Good point, but cannot be, as I and others with the errors have all turned our cars off after setting the service mode (with the exception of a few others that left it on). And thanks for the input about the brake pad wear sensor, but, my main question still has not been answered: Did you unplug the connector that goes to the rear parking brake motors on each side? These are completely different than the brake pad wear sensors. The pad sensors/connectors are for the pads, the park brake connectors power the park brake motors. The connection to the park brakes have a grey clip tab that pulls out like our coil packs/mass air flow sensor. This is where I think the issue lies.

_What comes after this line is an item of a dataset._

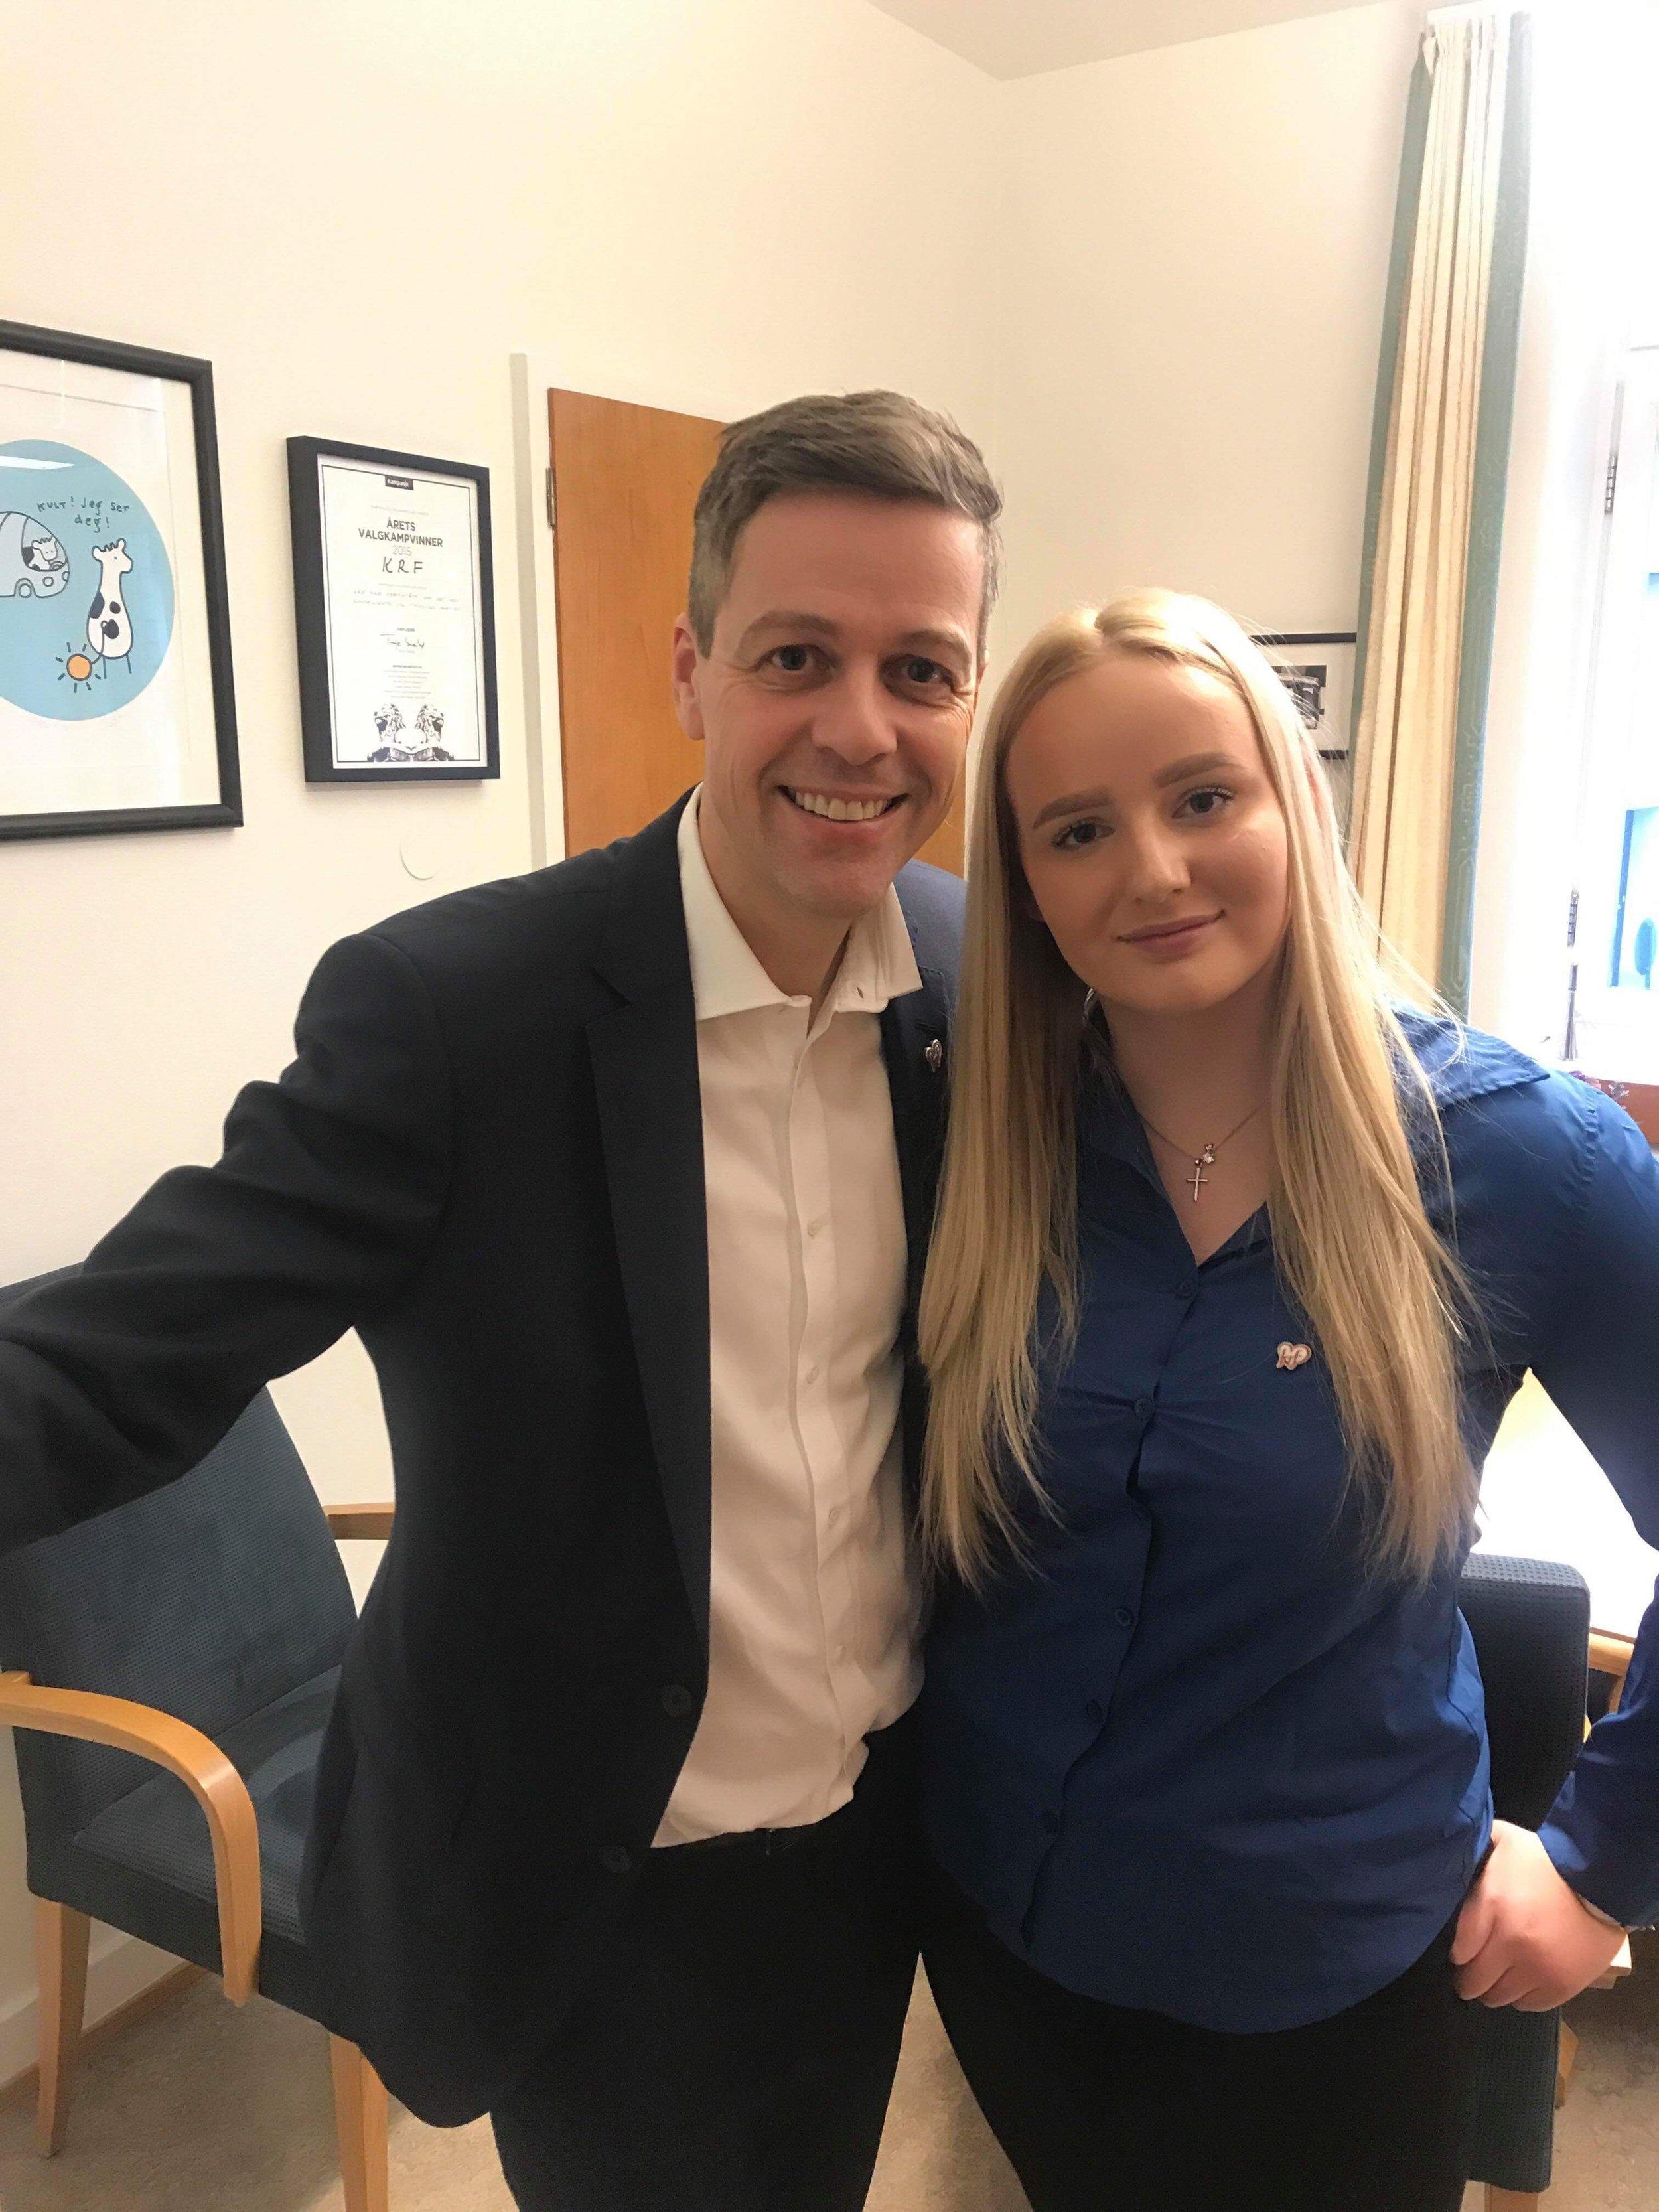 Constance Aarøy Thuv fikk komme bak kulissene på Stortinget da hun sist uke tilbragte en dag sammen med KrF-leder Knut Arild Hareide Foto: Privat

I just replaced my pads and the only thing I unplugged were the wear sensors. For the life of me I do not remember if I turned the car off when I went into service mode. I need to find the procedure example that I followed when I performed my maintenance. I would be interested in what steps were followed that lead to the unfortunate limp home mode/brake forever mode.
So no disconnection of the park brake motor connections at all? with no codes? That is great to hear, and further validates where I may be going with this. Thanks for the input!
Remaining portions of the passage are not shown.